Documentation of frameworks usually lists all types of exceptions that could potentially be thrown - allowing the caller to implement try-catch routines to handle those exceptions that make sense in order to implement program logic.

“The Good” thing about exceptions

The above described usage scenarios are a good thing about exceptions. Getting a detailed explanation in case a problem happened can make it easy for you to address the issue or even allows you to publish this error to the user interface. Using exceptions to control program logic is also a way to go (but still keep in mind the good old return values :-) )

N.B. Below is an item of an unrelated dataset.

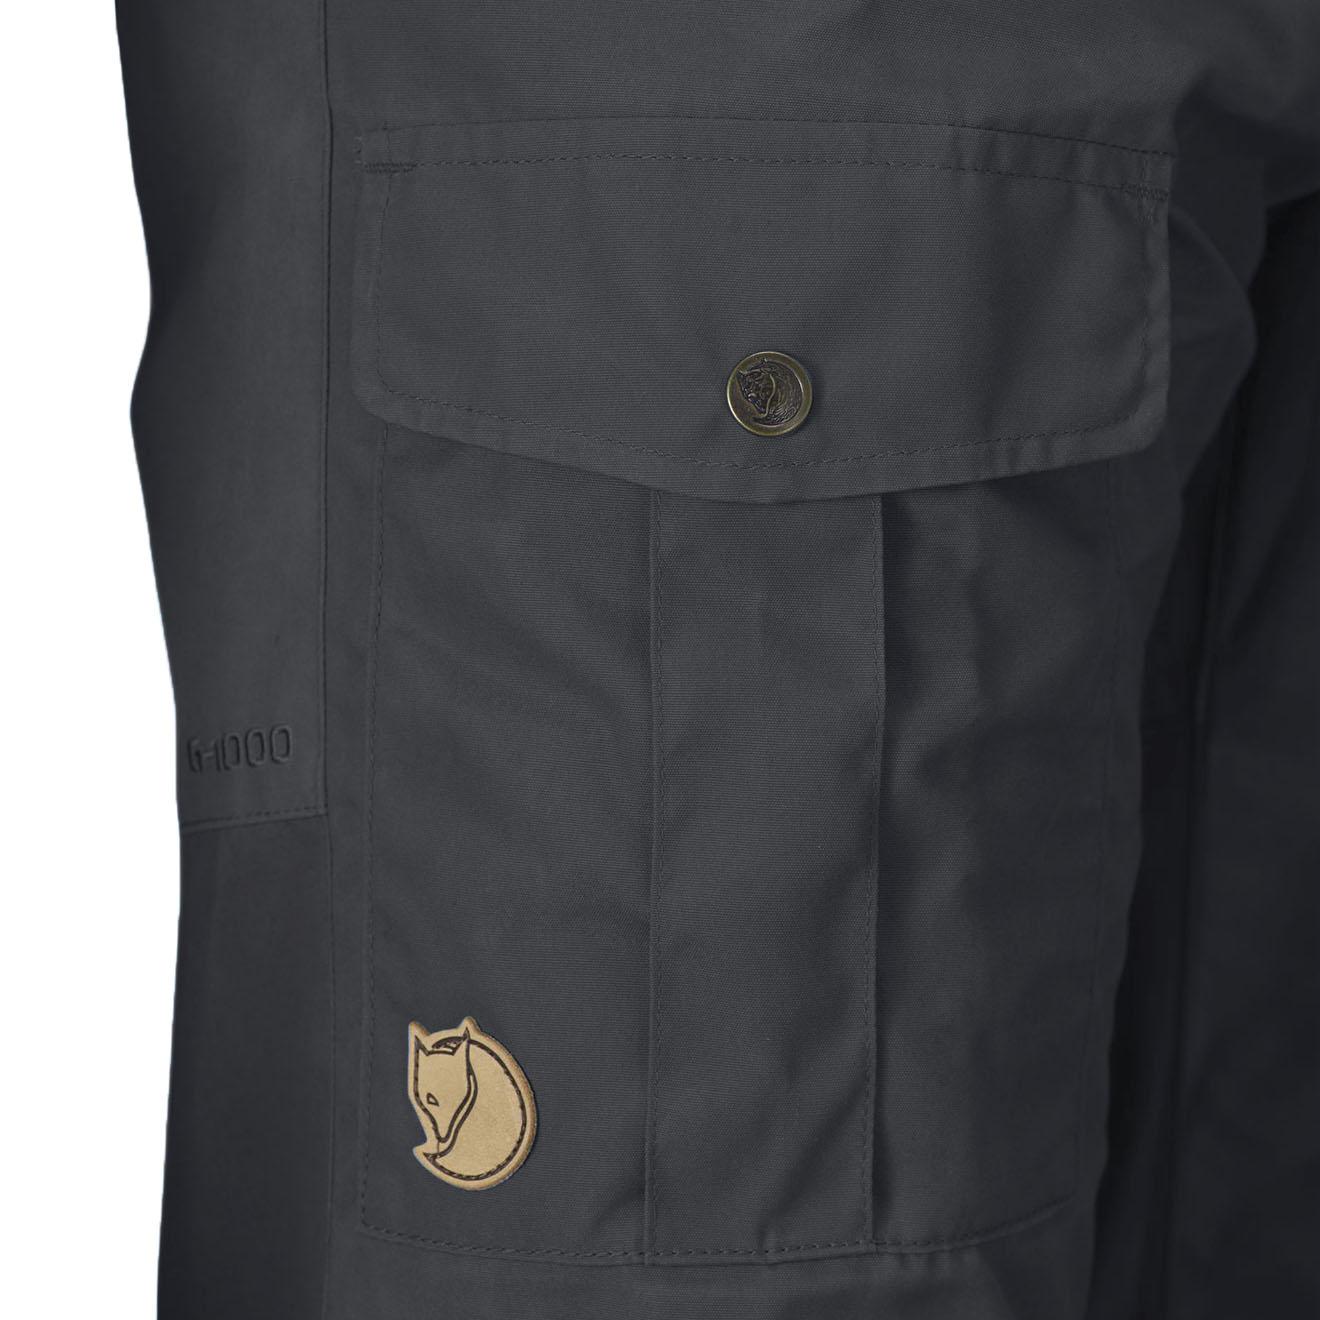 d9df690b Fjallraven Nils Trousers Regular Dark Grey - The Sporting Lodge

“The Evil” thing about exceptions

In the past weeks I came across different scenarios where the above explained usage scenarios didn’t work. Here is why:

Scenario a) The Web Application returned a 403 Access Forbidden

The application used a 3rd party web control to display a questionnaire form. Some users of the web application could use it fine - others always got an UnauthorizedAccessException thrown by the Page_Load method of the 3rd party web control leading to a 403 HTTP Error. The exception had no detailed error message specified so it was impossible to find the exact root cause. 
Using dynaTrace it was possible to find the root cause. It turned out that the web control accessed a local configuration file on the web server. Opening that file threw an AccessViolationException with a detailed error message that this user just had no access rights. The original message unfortunately was never thrown up to the application itself. Knowing the original exception helped to understand and address the problem.

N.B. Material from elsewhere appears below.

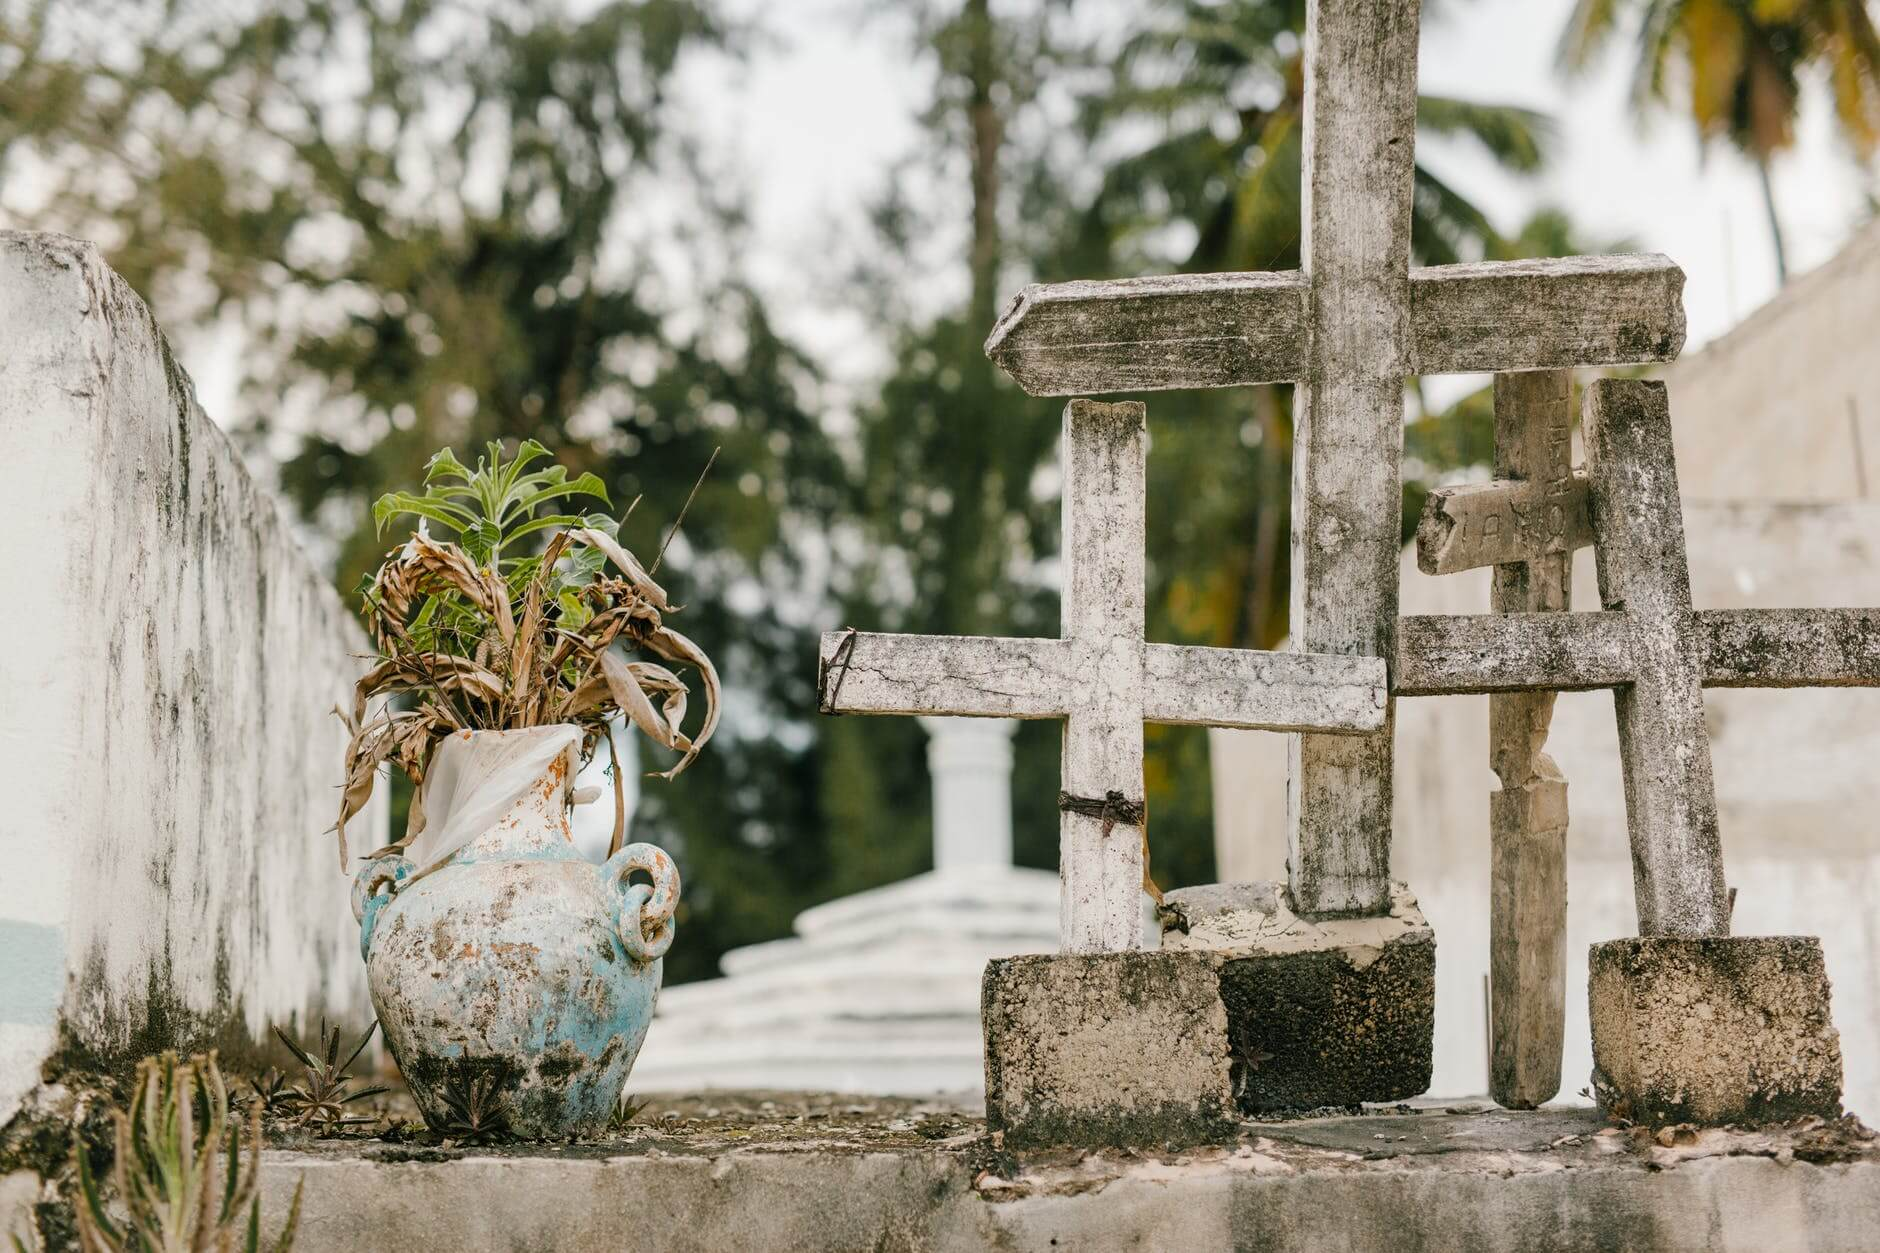 cremation services in Clarksville, TN

Scenario b) The Application allowed restricted access to an unauthorized user

The application called into an authorization framework that would throw different kinds of exceptions in case the user did not have the appropriate access rights. The application would catch all different exceptions and implement different program logic to handle the situation.
In order to implement a logging facility, a new layer was introduced that was supposed to catch the exceptions thrown from the authorization framework, log the calls, and then rethrow the exception. Due to a bug in this layer, several exceptions indicating an authorization problem never made it to the actual caller. The application therefore continued the normal application flow as if the user would have had access.

Solution

Getting visibility into your application and all its frameworks it depends on enables you to better understand how to use your 3rd party frameworks. It also allows you to diagnose errors down to the root cause in case you don’t get the detailed explanation that you need.

Analyzing Exceptions

Analyzing Exceptions in the context of a single transaction

The above image shows how dynaTrace tracks every exception that happens in your system. It also shows it in the context of a single transaction (PurePath) with all its contextual information, e.g: method parameters, …

Conclusion

Relying on frameworks is a mandatory thing these days. But not knowing what’s actually going on in those frameworks can lead to the above described side effects. With a solution like dynaTrace it is possible to analyze all exceptions that occurred within the application and not only within the custom application code.